一実施態様において、検出及び/又は定量化は、免疫学的方法によって行われる。この方法は、バイオマーカーに特異的に結合することができる抗体、又は、そのフラグメントに依拠してよい。好適な免疫学的方法を挙げると、サンドイッチELISAなどのサンドイッチ免疫測定法(この方法では、バイオマーカー上の異なるエピトープを認識する2つの抗体を使用してバイオマーカーの検出が行われる。)、放射性免疫測定法(RIA)、直接法、間接法、若しくは競合法の酵素結合免疫吸着検定法(ELISA)、酵素免疫測定法(EIA)、蛍光免疫測定法(FIA)、ウエスタンブロッティング法、免疫沈降法、免疫組織化学法、及び任意の粒子ベース免疫測定法(例えば、金、銀、若しくはラテックス粒子、磁性粒子、又はQdotを使用するもの)がある。免疫学的方法は、例えば、マイクロタイタープレートフォーマット、又はストリップフォーマットで行われてよい。 In one embodiment, detection and / or quantification is performed by immunological methods. This method may rely on antibodies, or fragments thereof, that can specifically bind to the biomarker. Suitable immunological methods include sandwich immunoassays such as sandwich ELISA (in this method, detection of the biomarker is performed using two antibodies that recognize different epitopes on the biomarker), radioactivity. Immunoassay (RIA), direct, indirect, or competitive enzyme-linked immunosorbent assay (ELISA), enzyme immunoassay (EIA), fluorescence immunoassay (FIA), Western blotting, immunoprecipitation , Immunohistochemistry, and any particle-based immunoassay (eg, using gold, silver, or latex particles, magnetic particles, or Qdot). The immunological method may be performed, for example, in a microtiter plate format or a strip format.
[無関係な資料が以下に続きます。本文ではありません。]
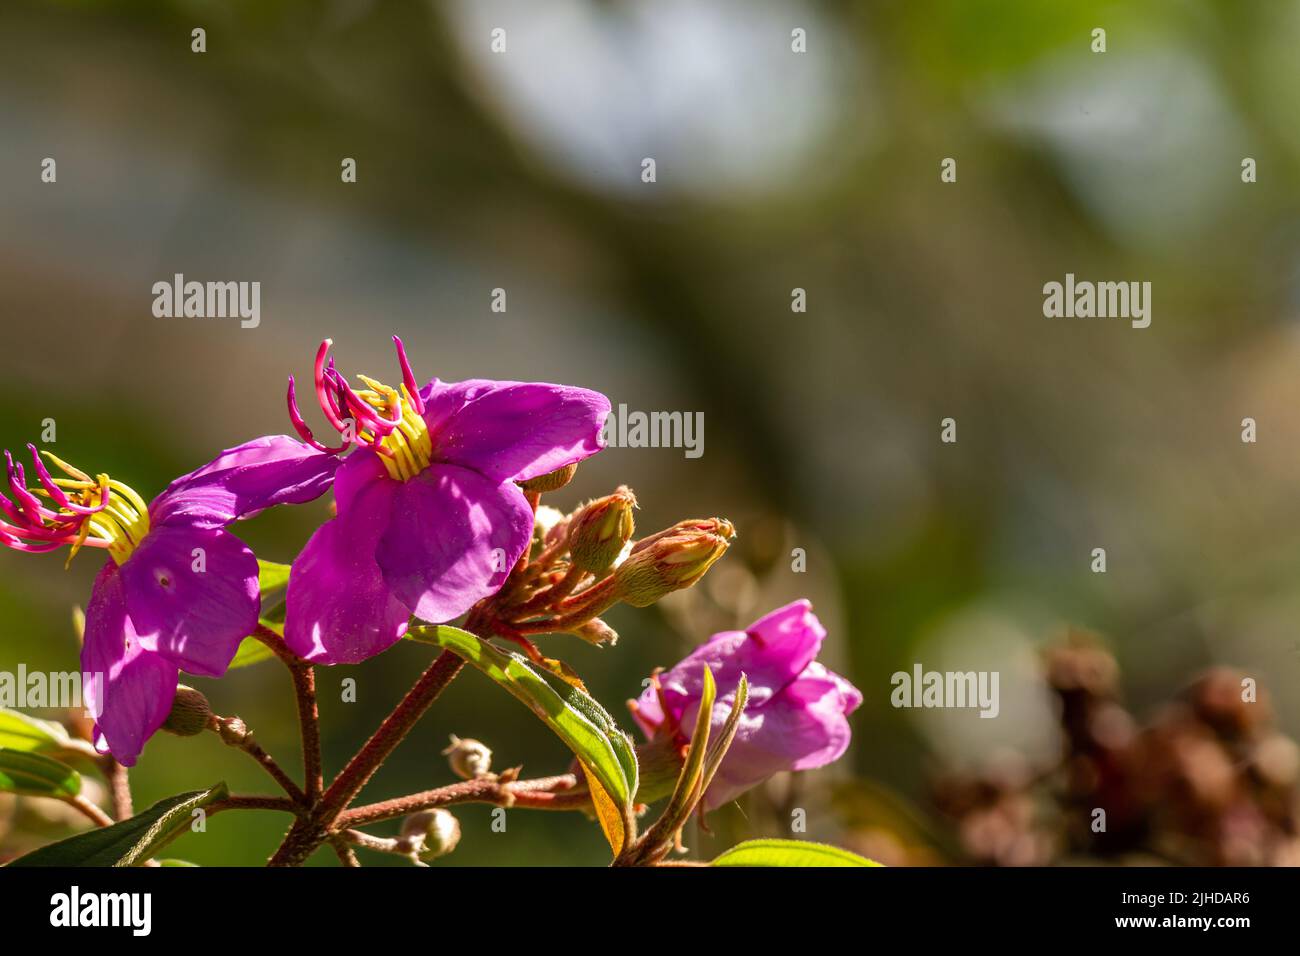 Flores y frutos de la planta del rododendro indio, pétalos púrpura, hojas verdes en forma de corazón con una superficie áspera. Vegetación natural de montaña Foto de stock

一実施態様において、検出及び/又は定量化は、免疫組織化学的な方法によって行われる。
本発明による免疫学的方法は、例えば、以下の方法のいずれかに基づくものでよい。
免疫沈降法は最も単純な免疫測定法であり、この方法では、試薬抗体が試料とともにインキュベートされて、その中に存在する標的抗原と反応し、不溶性の凝集物を形成した後に生じる沈降物の量を測定する。免疫沈降反応は、定性的でも定量的でもよい。
粒子免疫測定法においては、いくつかの抗体が粒子につながれ、粒子は多くの抗原分子に同時に結合することができる。これは、認識できる反応の速度を大きく加速する。この方法は、バイオマーカーの迅速かつ高感度な検出を可能にする。
In one embodiment, detection and / or quantification is performed by immunohistochemical methods.
The immunological method according to the present invention may be based, for example, on any of the following methods.
Immunoprecipitation is the simplest immunoassay, in which the amount of sediment that forms after reagent antibodies are incubated with a sample and react with the target antigen present therein to form insoluble aggregates. Measure. The immunoprecipitation reaction may be qualitative or quantitative.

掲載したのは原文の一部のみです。